Dr Smyth is the lead author of a paper, Calling Time on Alcohol Advertising and Sponsorship in Ireland, published by the ICP.
He said: “the country with probably the biggest alcohol problem in the western world” has “no one leading our development of alcohol policy. It should be a cause of concern”.
He said research by the Office on Tobacco Control revealed that 16 and 17-year-olds spent €21 per week on alcohol.
“This translates as a total annual spend by Irish adolescents of €145 million. This illegal alcohol market is therefore larger in size than the total illegal market in Ireland for drugs such as heroin, estimated to be €60 to €70m.”
Dr Smyth said European research found Irish 15 to 16 year-olds had the highest rates of drunkenness, with a 25% getting drunk every week.

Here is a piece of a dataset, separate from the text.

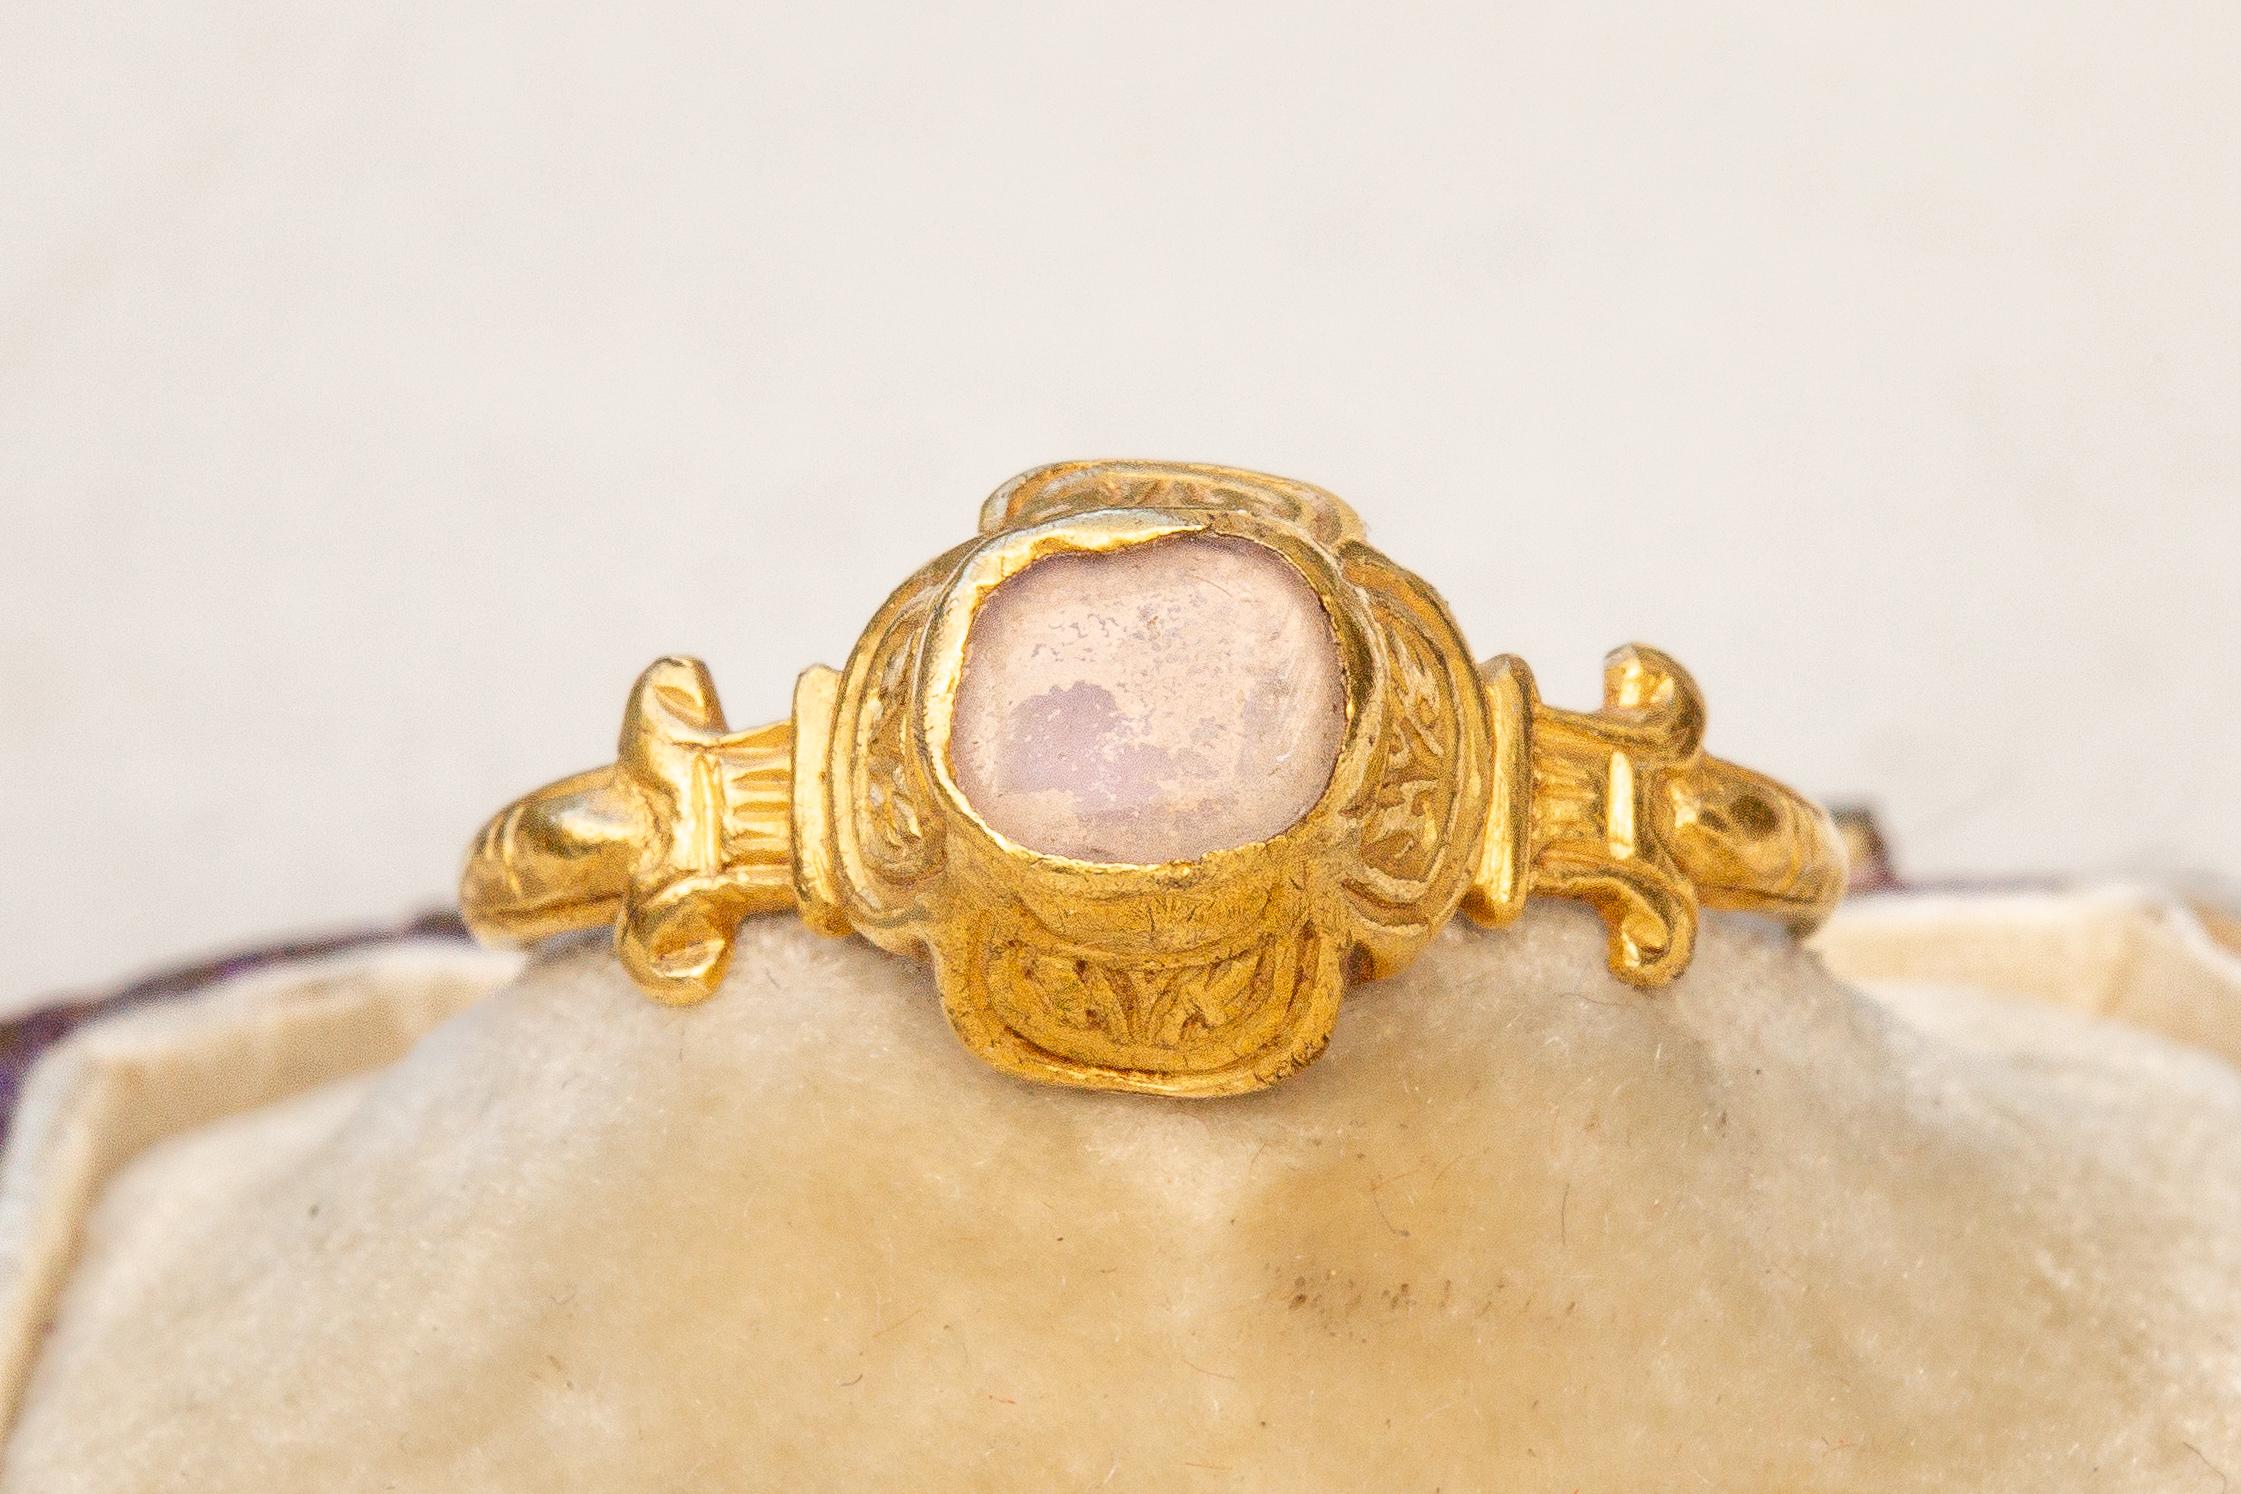 Scarce Renaissance 16th Century Rock Crystal Marriage Ring Medieval Middle Ages  For Sale 7

He said the drinks industry spent 70m in 2007 on advertising and described the Alcohol Marketing Monitoring Body, set up by the Department of Health, as “window dressing” as it was dominated by the drinks industry, advertisers and broadcasters and was essentially self-regulation.
He said all efforts and strategies on alcohol have always involved the drinks industry. He said drug dealers did not sit on the table in the National Drugs Strategy.
Co-author Dr Eamon Keenan said there had been “minimal funding” to alcohol services over the last 10 years and that alcohol services lagged far behind drug services.
Dr Keenan said the ICP had argued for alcohol to join drugs in one addiction strategy.